FarmVille is currently the most popular Facebook application, with over 60 million subscribers. In a real life nostalgic for the ideal, Washington farmer Donna Schoonover says of her participation in the simulacra farming, "This was a way to remind myself of the mythology of farming, and why I started farming in the first place" (To Harvest Squash, Click Here.) Farm Town, MyFarm and Farm Life are other, less popular, online farming games.

Self-described "Hardcore player" Beck Roberts, 49, plaintively says "they will die if you don’t tend to them," which is why she "sometimes set[s] her clock at night to make sure she tends to high-maintenance plants at two-hour intervals" (Facebook's 11 Million Farmers.)

Adam Nash on his site Psychohistory plots out the game dynamics in, "The Personal Economics of FarmVille". He says most people play for coins, but a few are playing for experience points, which he ignores in his tabulations, obviously a lesser goal.

The Pet Rock was a wonderful spoof of the self-absorption of the Me Decade, which hadn't the time for such trivialities as tending to the needs of others.
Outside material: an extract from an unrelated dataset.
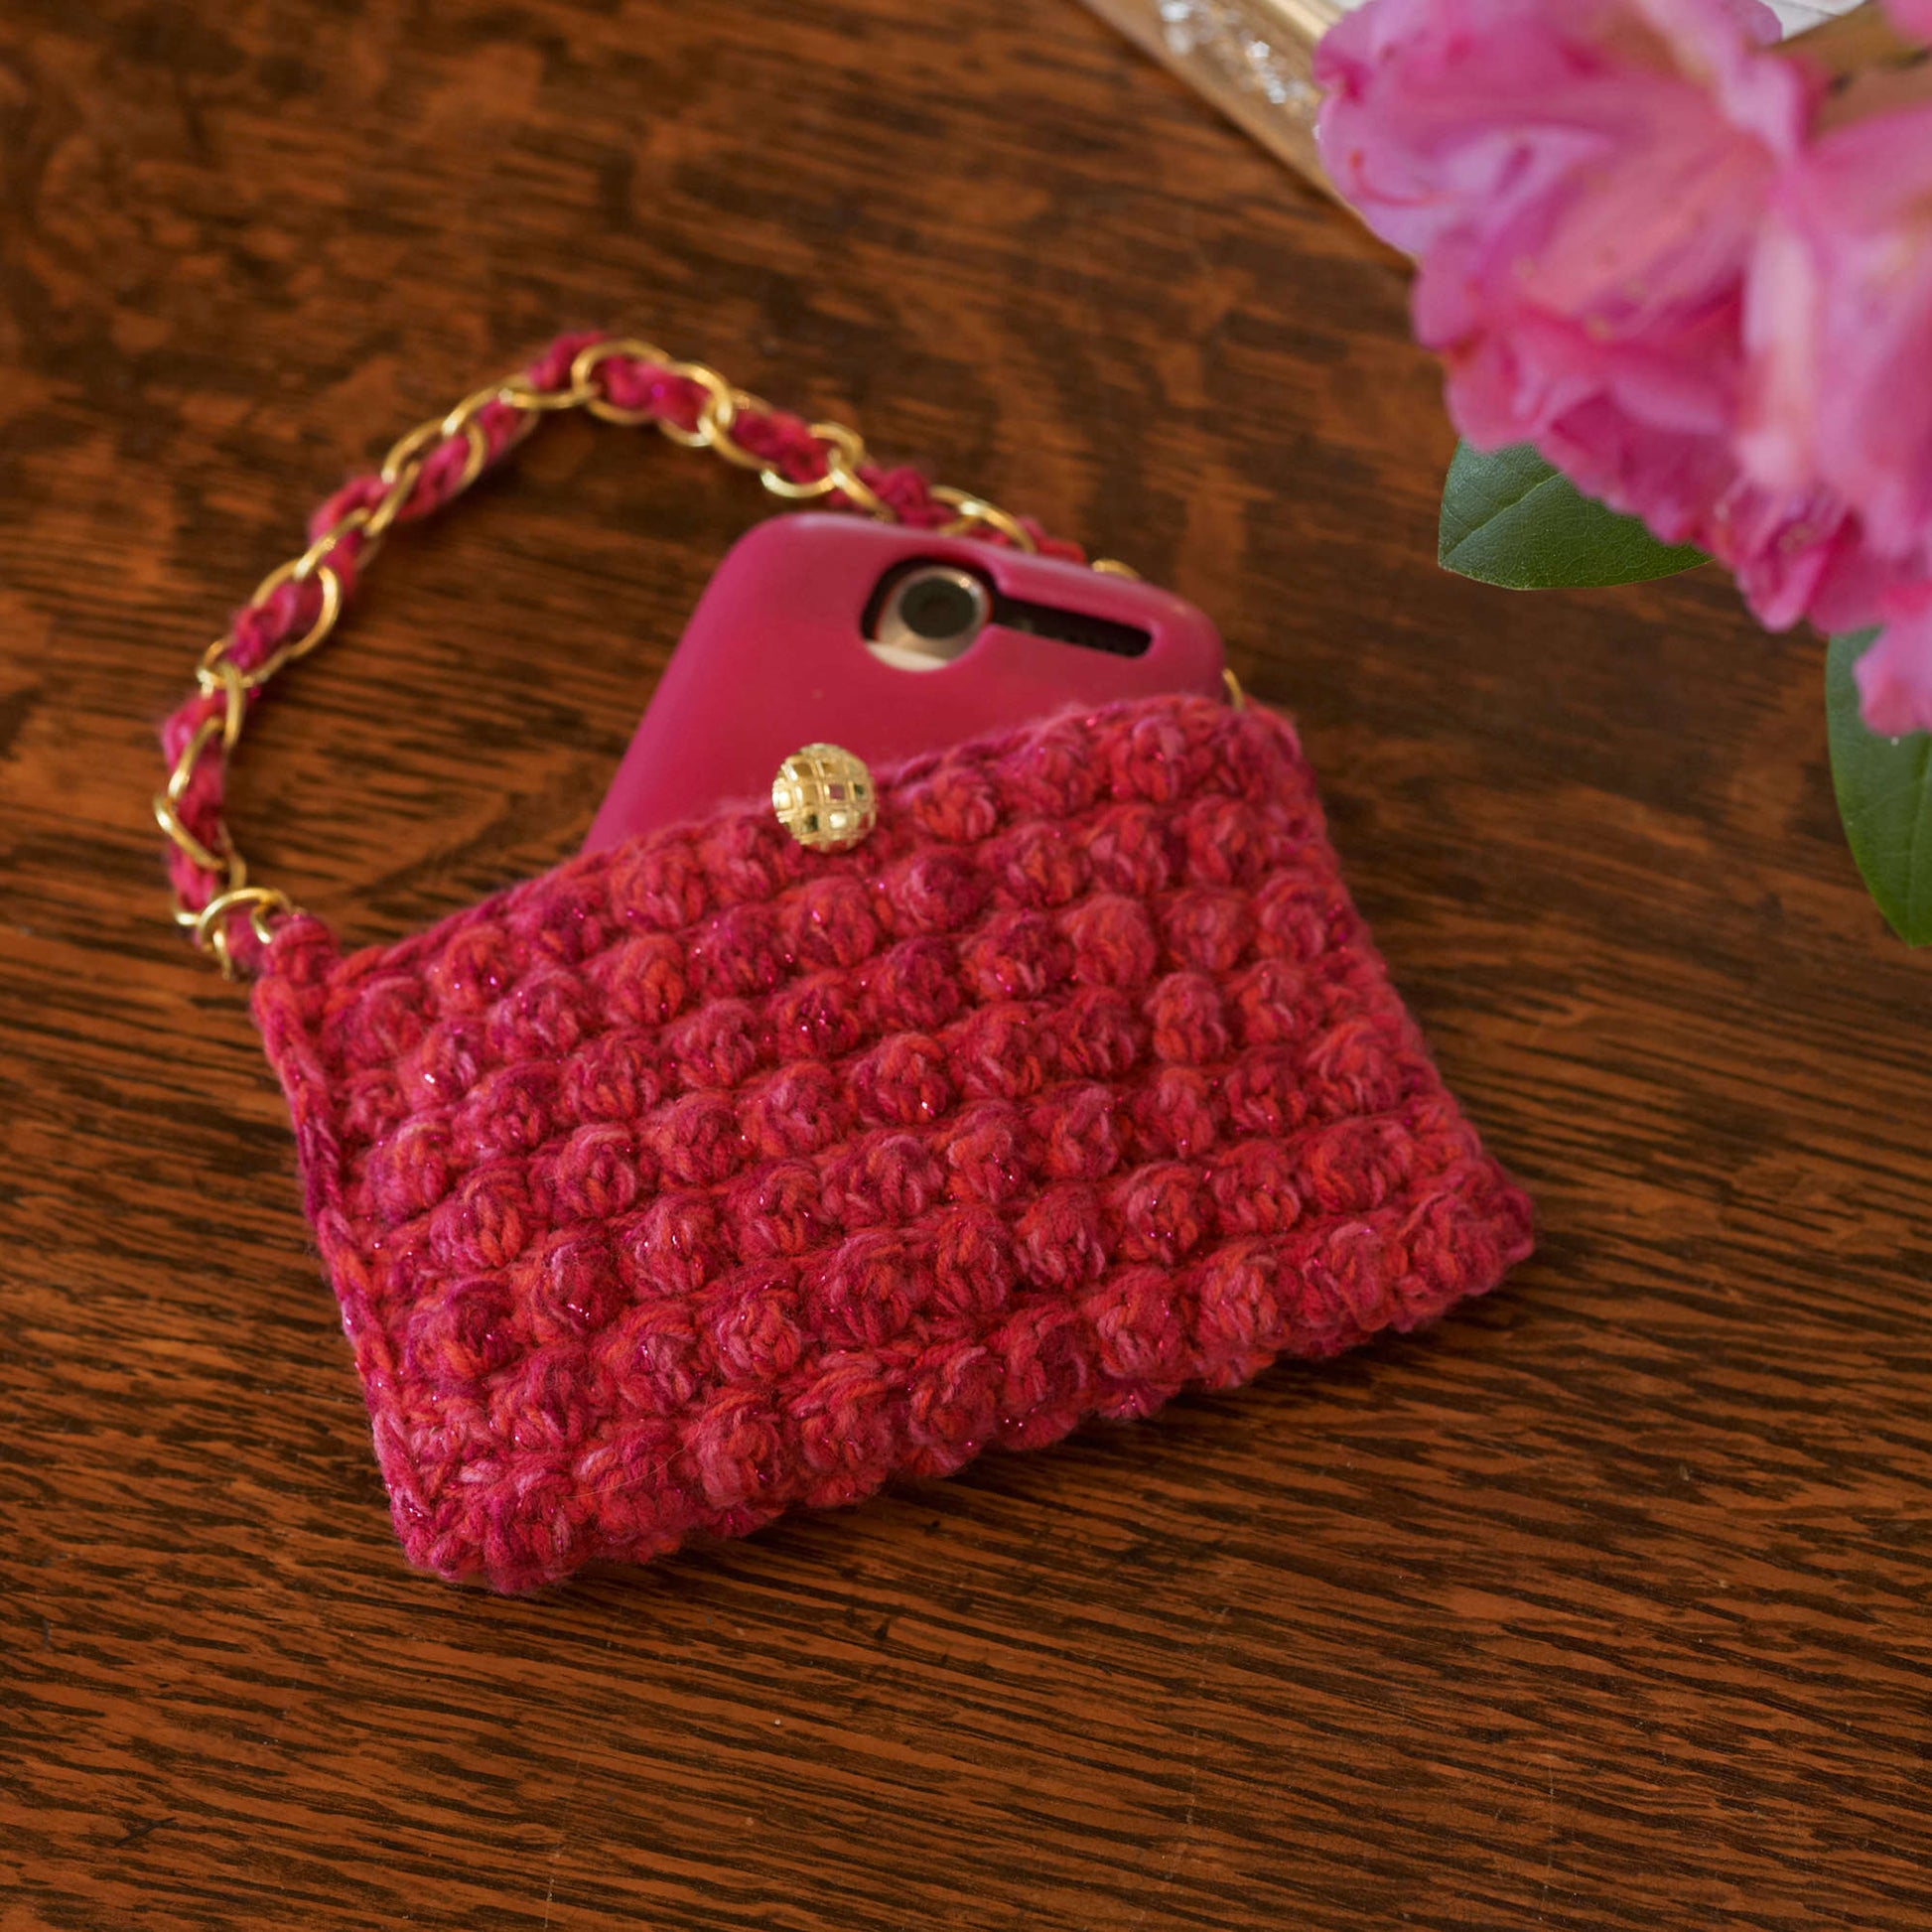 Free Red Heart Mobile Phone Baglet Crochet Pattern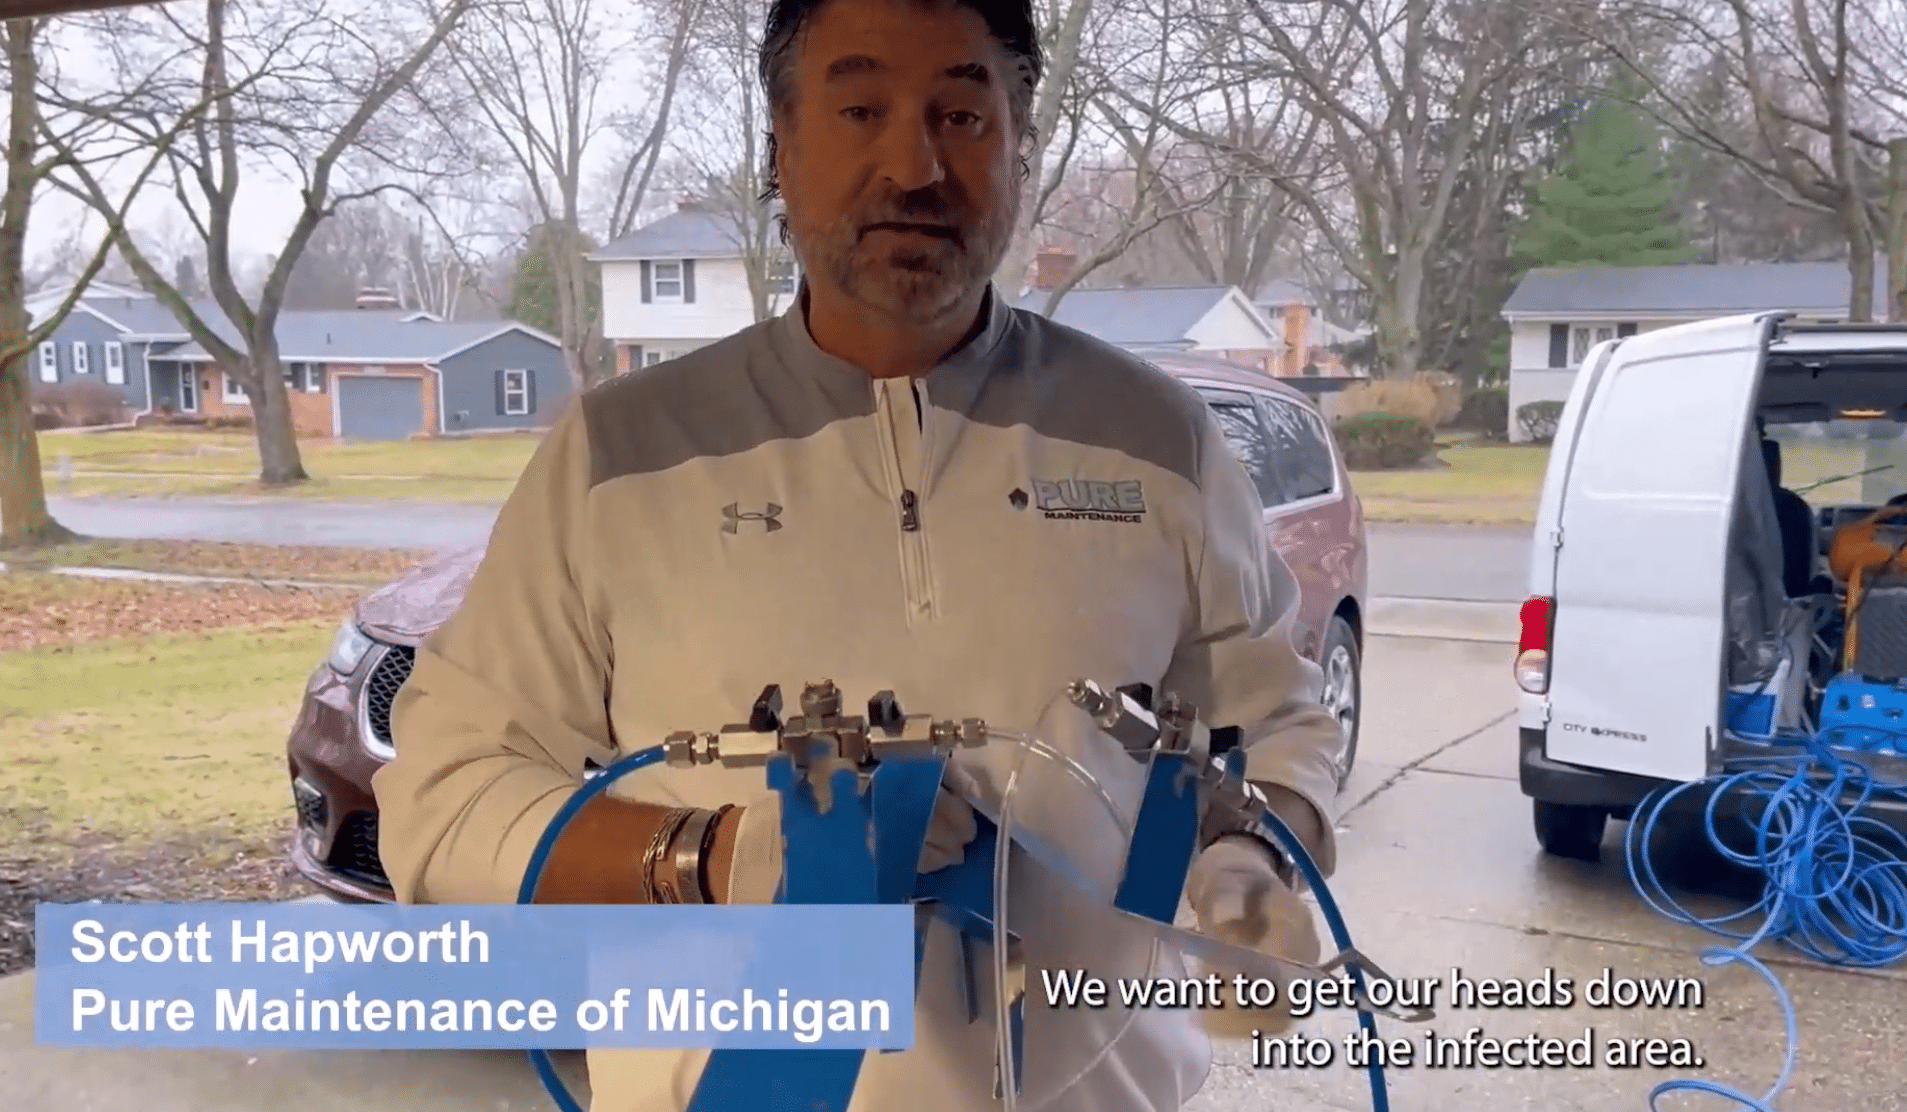 Scott Hapworth performing Mold Remediation in a crawlspace in Ann Arbor Michigan

Ditto the Chia Pet, which did however require some sporadic watering (but little else).

In 1996 the Tamagotchi pet was introduced -- really, a brightly colored plastic egg with three buttons which would allow the owner to feed, play, clean, or ascertain its "age, discipline, hunger, happiness and other statistics." With neglect, your Tamagotchi would die, a source of deep shame.

The AIBO (Artificial Intelligence robot, homonymous with pal in Japanese) was introduced by Sony in 1999, but discontinued in 2006. It was a brief venture into AI in which the AIBO owner could "teach" the robotic dog certain commands, without having the inconvenience of feeding or scooping poop. As with a Tamagotchi, if one got bored, AIBO could be switched off and banished to a corner.

So why the fascination with virtual pets and plants? It's a beautiful day, and I can't wait to go out. Is it that people do not want to dirty their hands? Do they yearn for connection, but not so much so that they are willing to take on all that true commitment requires?

Do they they feel they will fail, and there is less grieving involved in the death of a Tamagotchi? The burial -- an unceremonious toss on the rubbish heap, is certainly easier and less costly and time-consuming than the real thing. After all, a new and updated model awaits.

Why would one connect with the simulacrum when the real awaits?